Dataset extract.

= = = =

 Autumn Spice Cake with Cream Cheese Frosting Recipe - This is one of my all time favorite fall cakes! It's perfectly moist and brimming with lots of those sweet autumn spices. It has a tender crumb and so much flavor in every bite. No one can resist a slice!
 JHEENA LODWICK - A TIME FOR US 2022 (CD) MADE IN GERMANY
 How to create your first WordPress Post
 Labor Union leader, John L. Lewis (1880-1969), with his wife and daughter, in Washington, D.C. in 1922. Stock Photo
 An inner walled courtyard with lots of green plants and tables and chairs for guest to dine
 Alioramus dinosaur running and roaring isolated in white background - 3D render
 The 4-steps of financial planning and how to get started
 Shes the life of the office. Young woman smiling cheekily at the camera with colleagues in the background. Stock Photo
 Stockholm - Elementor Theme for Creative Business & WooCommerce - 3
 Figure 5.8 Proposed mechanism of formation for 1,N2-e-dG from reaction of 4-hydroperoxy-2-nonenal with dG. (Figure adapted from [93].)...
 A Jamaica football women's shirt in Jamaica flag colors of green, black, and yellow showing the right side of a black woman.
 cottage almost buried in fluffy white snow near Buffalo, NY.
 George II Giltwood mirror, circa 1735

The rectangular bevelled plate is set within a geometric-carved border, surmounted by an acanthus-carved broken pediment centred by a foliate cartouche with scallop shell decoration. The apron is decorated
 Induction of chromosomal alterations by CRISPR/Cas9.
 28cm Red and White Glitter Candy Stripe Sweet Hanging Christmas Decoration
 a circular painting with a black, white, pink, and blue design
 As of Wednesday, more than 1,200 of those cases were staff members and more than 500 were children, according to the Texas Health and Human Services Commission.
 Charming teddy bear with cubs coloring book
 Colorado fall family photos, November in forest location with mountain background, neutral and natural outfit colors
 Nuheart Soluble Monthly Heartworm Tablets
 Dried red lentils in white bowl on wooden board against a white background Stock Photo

= = = =

Exercise instructions. Write every line of the entries again, word for word.

Exercise output.
 Autumn Spice Cake with Cream Cheese Frosting Recipe - This is one of my all time favorite fall cakes! It's perfectly moist and brimming with lots of those sweet autumn spices. It has a tender crumb and so much flavor in every bite. No one can resist a slice!
 JHEENA LODWICK - A TIME FOR US 2022 (CD) MADE IN GERMANY
 How to create your first WordPress Post
 Labor Union leader, John L. Lewis (1880-1969), with his wife and daughter, in Washington, D.C. in 1922. Stock Photo
 An inner walled courtyard with lots of green plants and tables and chairs for guest to dine
 Alioramus dinosaur running and roaring isolated in white background - 3D render
 The 4-steps of financial planning and how to get started
 Shes the life of the office. Young woman smiling cheekily at the camera with colleagues in the background. Stock Photo
 Stockholm - Elementor Theme for Creative Business & WooCommerce - 3
 Figure 5.8 Proposed mechanism of formation for 1,N2-e-dG from reaction of 4-hydroperoxy-2-nonenal with dG. (Figure adapted from [93].)...
 A Jamaica football women's shirt in Jamaica flag colors of green, black, and yellow showing the right side of a black woman.
 cottage almost buried in fluffy white snow near Buffalo, NY.
 George II Giltwood mirror, circa 1735

The rectangular bevelled plate is set within a geometric-carved border, surmounted by an acanthus-carved broken pediment centred by a foliate cartouche with scallop shell decoration. The apron is decorated
 Induction of chromosomal alterations by CRISPR/Cas9.
 28cm Red and White Glitter Candy Stripe Sweet Hanging Christmas Decoration
 a circular painting with a black, white, pink, and blue design
 As of Wednesday, more than 1,200 of those cases were staff members and more than 500 were children, according to the Texas Health and Human Services Commission.
 Charming teddy bear with cubs coloring book
 Colorado fall family photos, November in forest location with mountain background, neutral and natural outfit colors
 Nuheart Soluble Monthly Heartworm Tablets
 Dried red lentils in white bowl on wooden board against a white background Stock Photo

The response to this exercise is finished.